Visualize the Graph

Overview

This example uses a simple obj file included in example models. For context of what the top-down view is based on, see the figure below.

../../_images/energy_hill.png

Basic Graph Visualization

import matplotlib.pyplot as plt
from mpl_toolkits.mplot3d import Axes3D

from dhart.geometry import LoadOBJ
from dhart.raytracer import EmbreeBVH
from dhart.graphgenerator import GenerateGraph
import dhart

# Get a sample model path
obj_path = dhart.get_sample_model("energy_blob_zup.obj")

# Load the obj file
obj = LoadOBJ(obj_path)

# Create a BVH
bvh = EmbreeBVH(obj, True)

# Set the graph parameters
start_point = (0, -20, 20)
spacing = (1, 1, 10)
max_nodes = 5000
up_step, down_step = 0.5, 0.5
up_slope, down_slope = 20, 20
max_step_connections = 1

# Generate the Graph
graph = GenerateGraph(bvh, start_point, spacing, max_nodes,
                        up_step,up_slope,down_step,down_slope,
                        max_step_connections, cores=-1)

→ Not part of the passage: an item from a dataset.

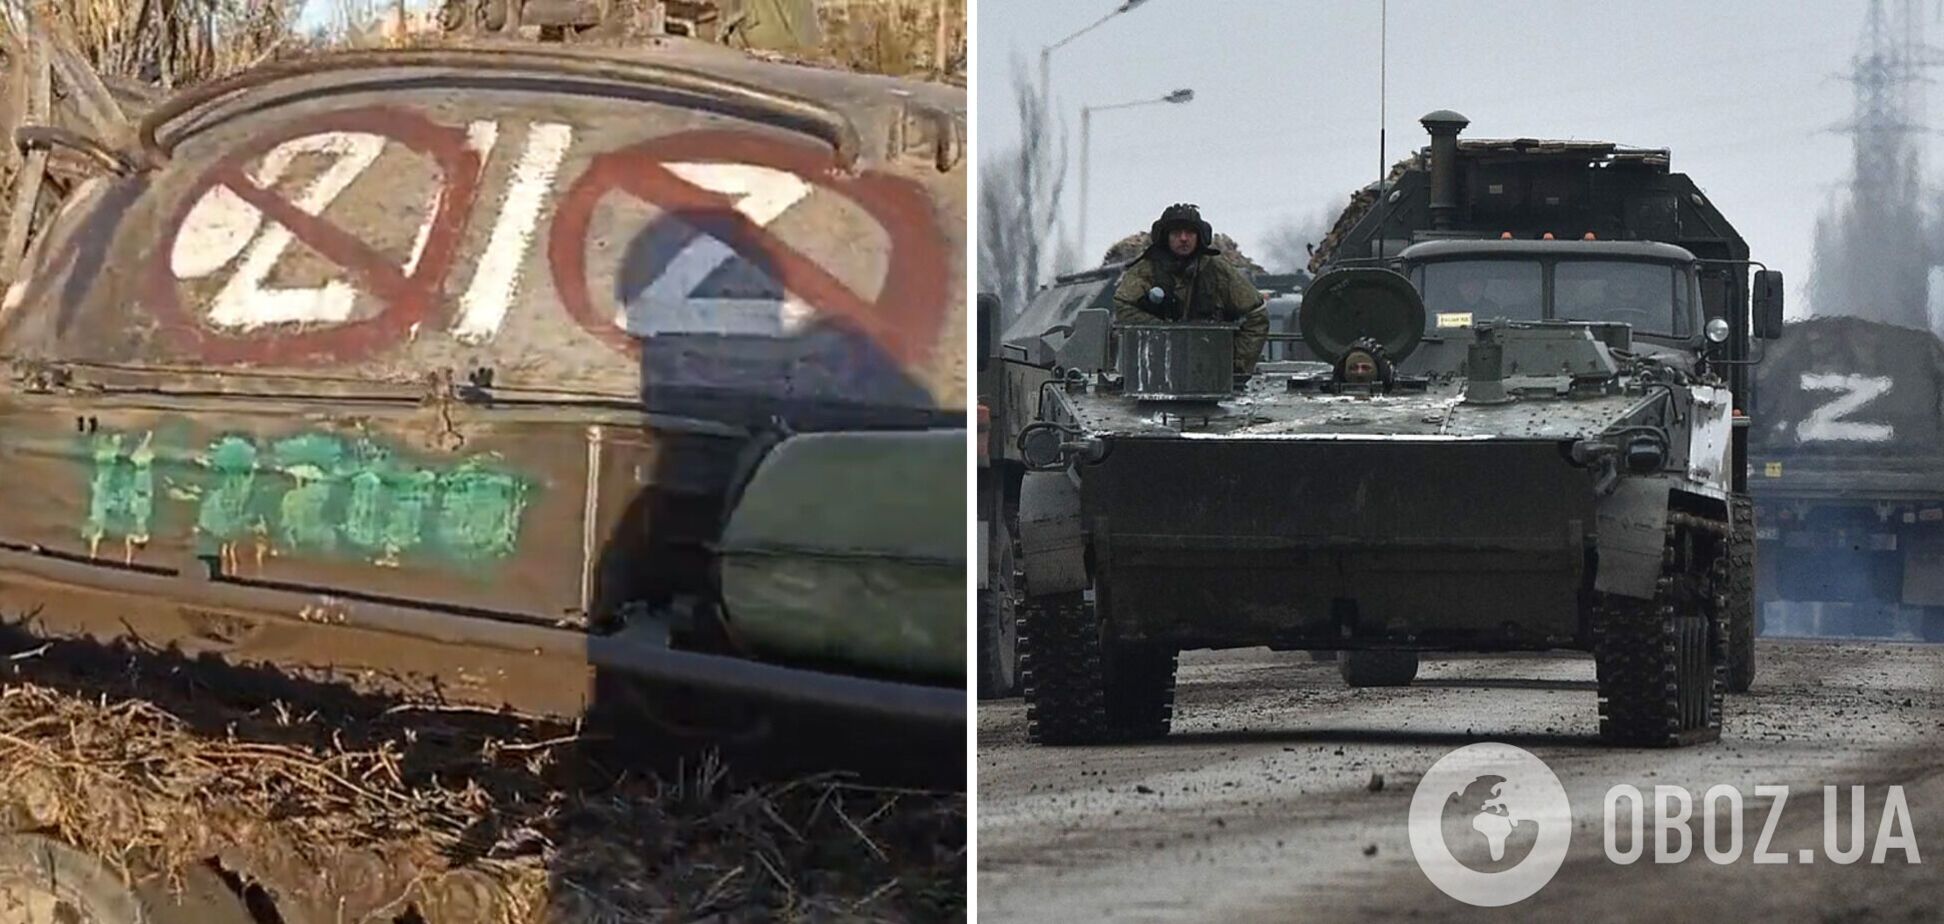 Окупанти притягнули на війну проти України танк 1967 року, але і той затрофеїли ЗСУ. Відео

# Convert the graph to a CSR
csr_graph = graph.CompressToCSR()

# Get the nodes of the graph as a list of x,y,z,type,id tuples
nodes = graph.getNodes()

# get the x,y,z coordinates of the nodes
x = [ n[0] for n in nodes ] # x coordinate
y = [ n[1] for n in nodes ] # y coordinate
z = [ n[2] for n in nodes ] # z coordinate

(Source code)

The graph can be plotted in 3D for illustrative purposes (although it is better to load an obj or use a proper engine like OpenGL).

# Plot the graph in 3D
fig = plt.figure()
ax = Axes3D(fig)
ax.view_init(azim=-123, elev=15)

ax.scatter(x, y, z)
plt.show()

(Source code)

../../_images/visualize-2.png

From the top view, this can be plotted in x,y and color nodes by the z value

# Plot the graph
plt.scatter(x, y, c=z, alpha=0.5)
plt.show()

(Source code)

../../_images/visualize-3.png

Slope Settings

To illustrate the thresholds of this wavy hill, we can reduce the slope tolerances and plot a new graph which shows certain areas are not reachable.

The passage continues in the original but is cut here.